米国務長官、プーチン氏の権威に「真の亀裂」 ロシア雇い兵組織の反乱

画像提供, Reuters
アメリカのアントニー・ブリンケン国務長官は25日、ロシアの民間雇い兵組織ワグネルがロシア政府に対する武装反乱を試みたことについて、ウラジーミル・プーチン大統領の権威に「真の亀裂」が生じたことを示していると述べた。
ブリンケン国務長官はアメリカのメディアに対し、エフゲニー・プリゴジン氏率いるワグネル戦闘員による反乱は、プーチン大統領に対する「直接的な挑戦」であり、プーチン氏は恩赦を与えることで合意せざるを得なかったのだと話した。
この合意により、ロシアの2つの都市を制圧していたワグネルは、24日にモスクワへの前進を停止。ワグネルの戦闘員は野営地に戻り、プリゴジン氏はベラルーシへ移動することになった。
ロシア国営メディアによると、隣国ベラルーシのアレクサンドル・ルカシェンコ大統領が仲介した。
プーチン氏は当初、ワグネルを国家反逆罪に問う考えを示していたが、後にすべての罪状が取り下げられた。
かつてはプーチン氏の支持者だったプリゴジン氏が現在、どこにいるのかは分かっていない。同氏の姿は、ロストフ・ナ・ドヌ(ワグネル戦闘員が軍事施設を最初に掌握したロシア南西部の都市)を離れる様子が目撃されているものの、そのあとの消息は確認されていない。
ロシアのニュースサイトRTVIは25日午後、プリゴジン氏の広報担当が、同氏は「通常の通信手段を確保した時点」でメディアからの質問に答えると述べたと報じた。

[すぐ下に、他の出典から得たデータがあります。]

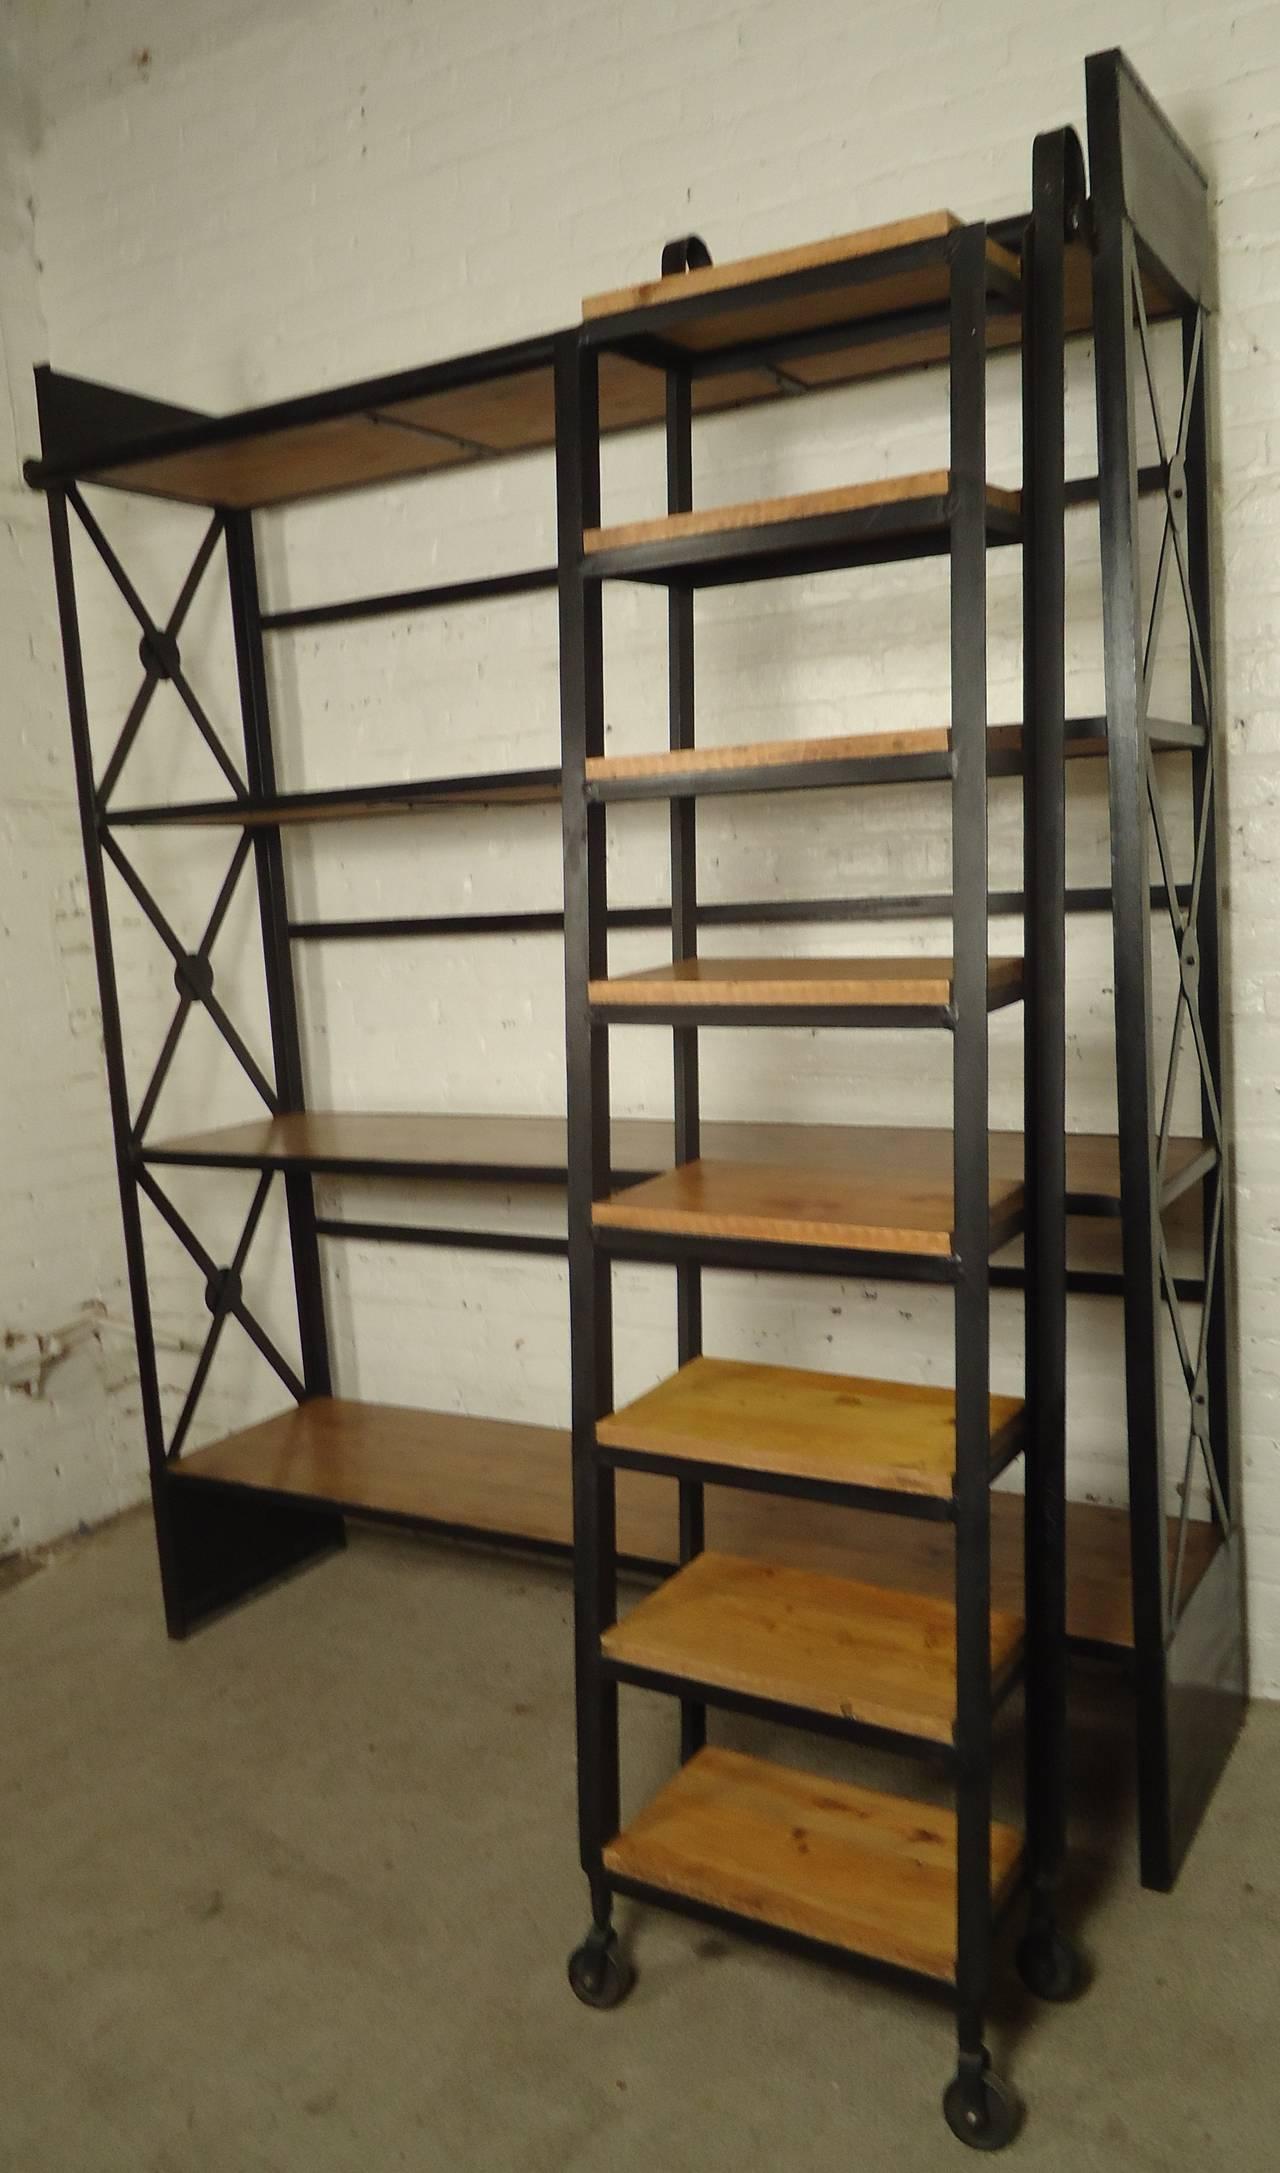 Where to buy wood shelves 28 images where to buy - Esszimmer bad nauheim ...

それ以上の詳細は明かにされていない。
こうした中、プーチン氏は24日朝にワグネルの反乱を非難するテレビ演説を行って以降、公の場に姿を現していない。

「真の亀裂を示すもの」
ブリンケン氏は25日、BBCがアメリカで提携している米CBSに対し、ロシアにおける24時間の反乱は「深い疑問を投げかけ、真の亀裂を示すもの」だと述べた。
アメリカの複数のトーク番組に相次ぎ出演したブリンケン氏は、この反乱がロシア政府や、ロシアによるウクライナ侵攻にどのような影響を与えるかを予測するのは「時期尚早」だと語った。

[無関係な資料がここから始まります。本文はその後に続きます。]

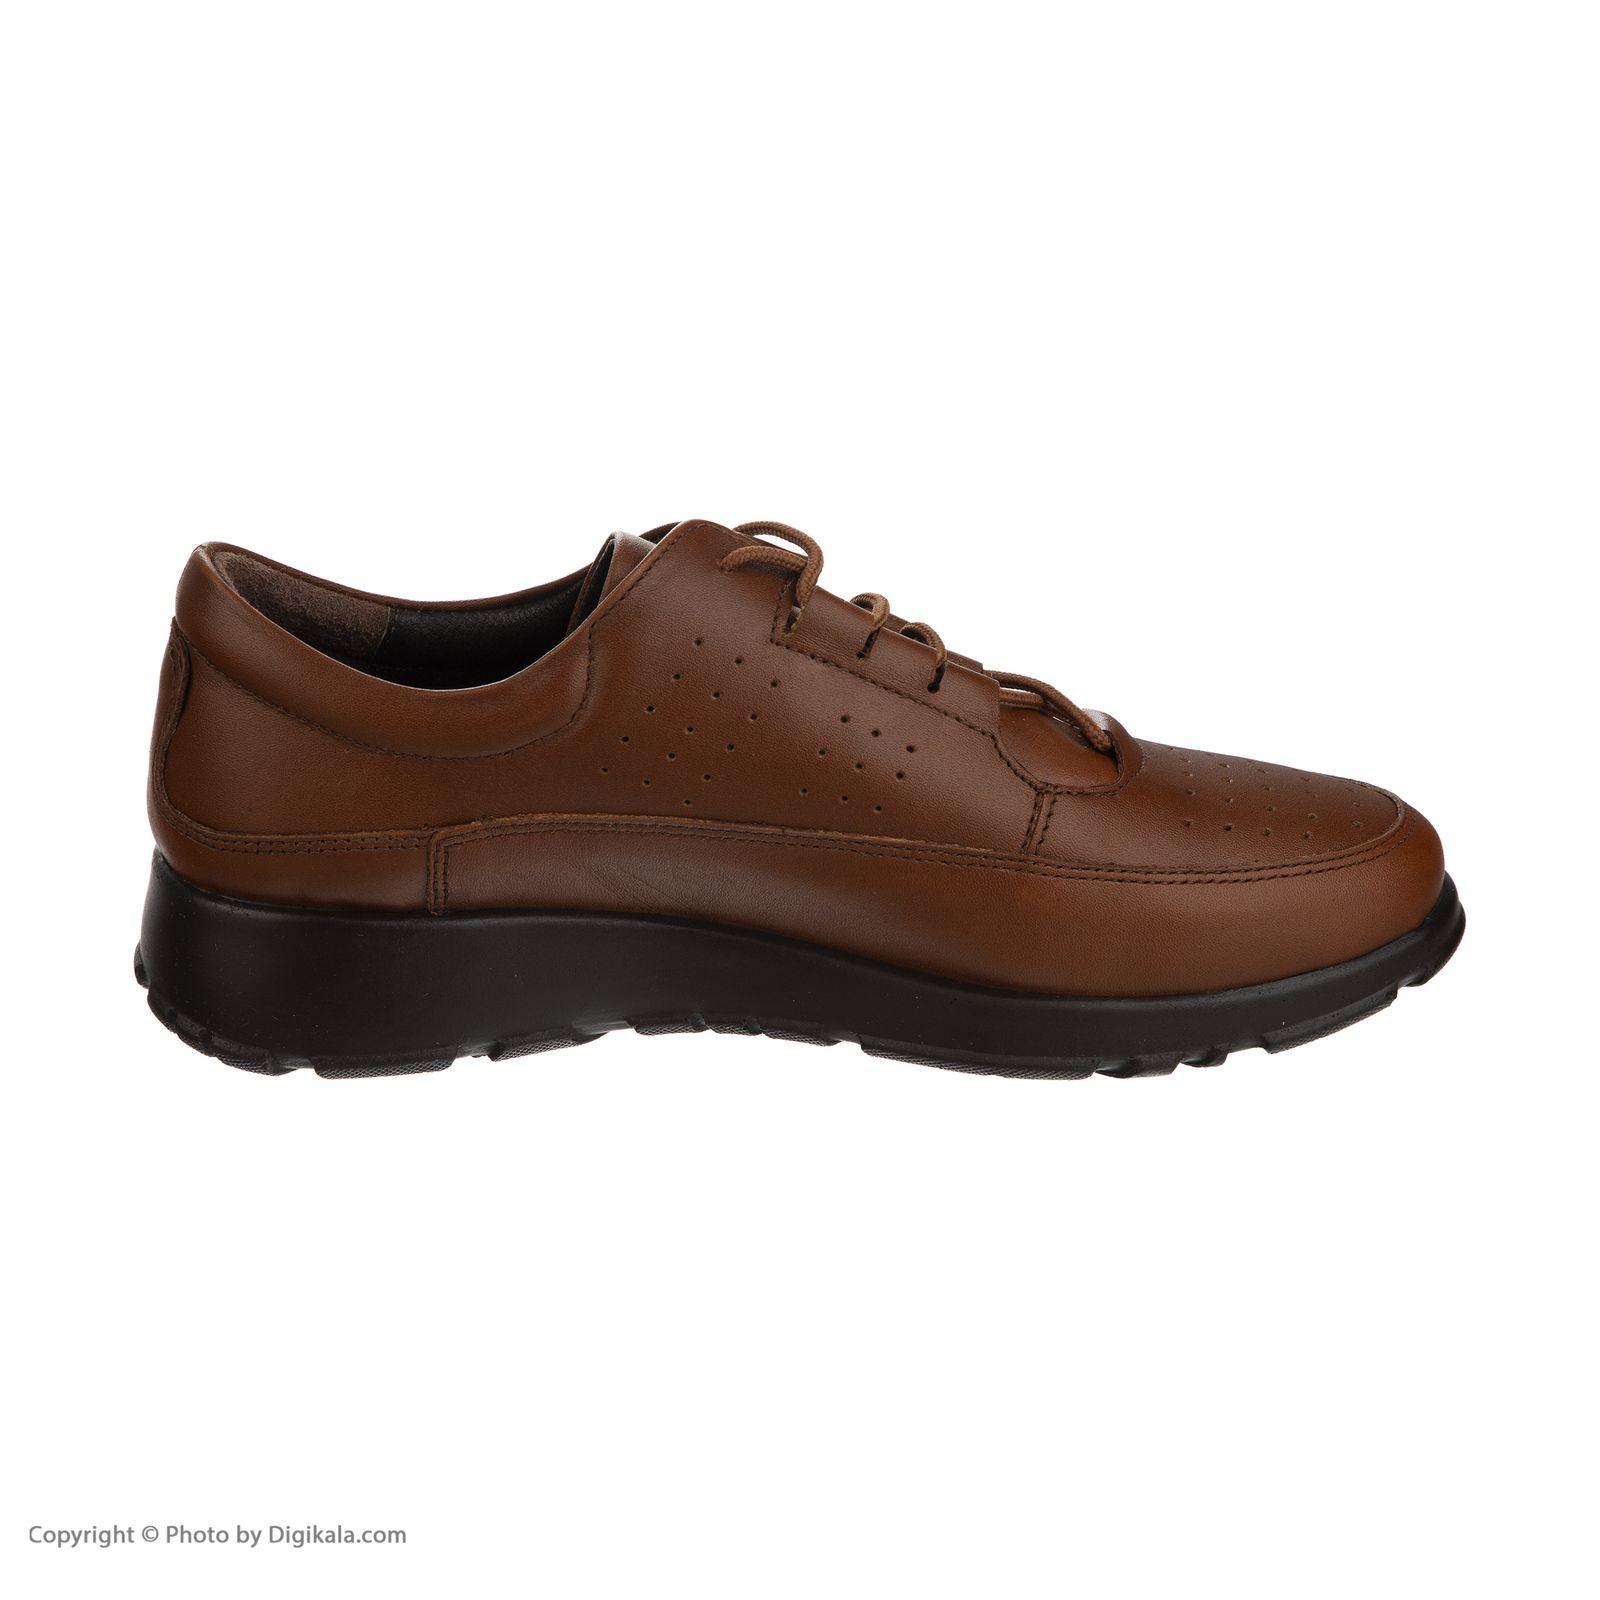 کفش روزمره زنانه شیفر مدل 5289A500136 -  - 7

「プーチン氏は(ウクライナ侵攻を開始した)16カ月前は、数日間で首都キーウを制圧し、ウクライナという国を地図から消し去ろうとしていた。しかし今では、自分が大きくした雇い兵に対して、ロシアの首都モスクワを守らなければならなくなった」
そして、今回の出来事がロシアそしてプーチン氏個人をどこへ導くことになるのか、「推測」したくないとした。

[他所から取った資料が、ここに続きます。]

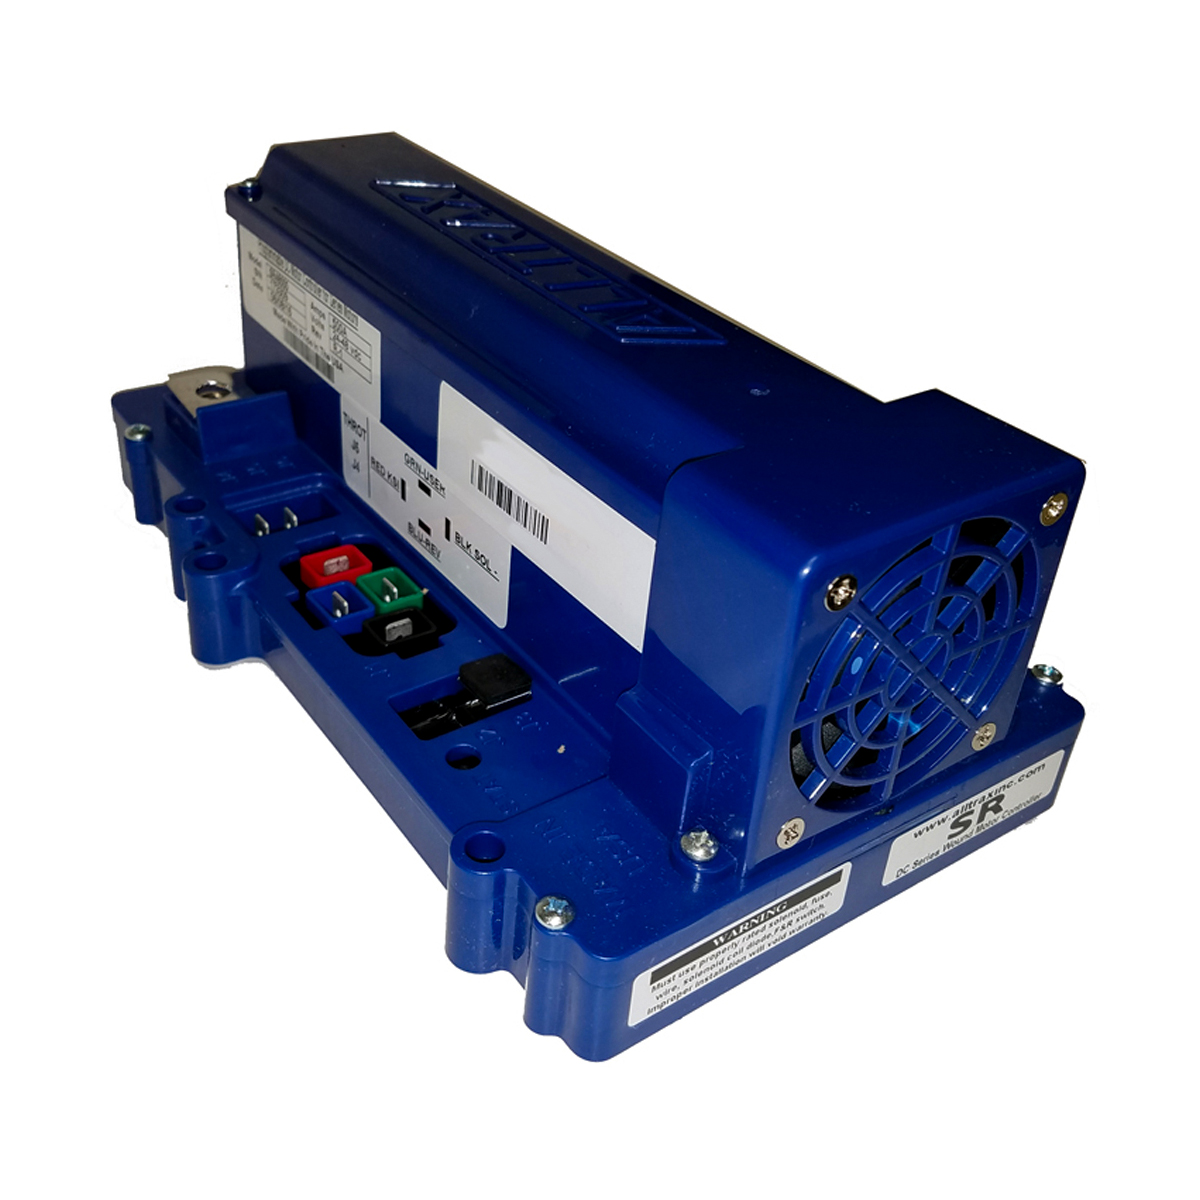 Alltrax 500 Amp Series Speed Controller for Club Car, EZGO & Yamaha

ロシアは、ブリンケン氏の発言について公にコメントしていない。
24日の出来事を経てプーチン氏は、決して力強い存在には見えていないと、BBCのスティーヴ・ローゼンバーグ・ロシア編集長は言う。
ワグネルはロシアの主要都市にある軍事施設を容易に掌握し、モスクワに向かって北上したし、ロシアの軍事指導部を倒そうとしたにも関わらず、プリゴジン氏は自由の身だからだと、ローゼンバーグ編集長は指摘する。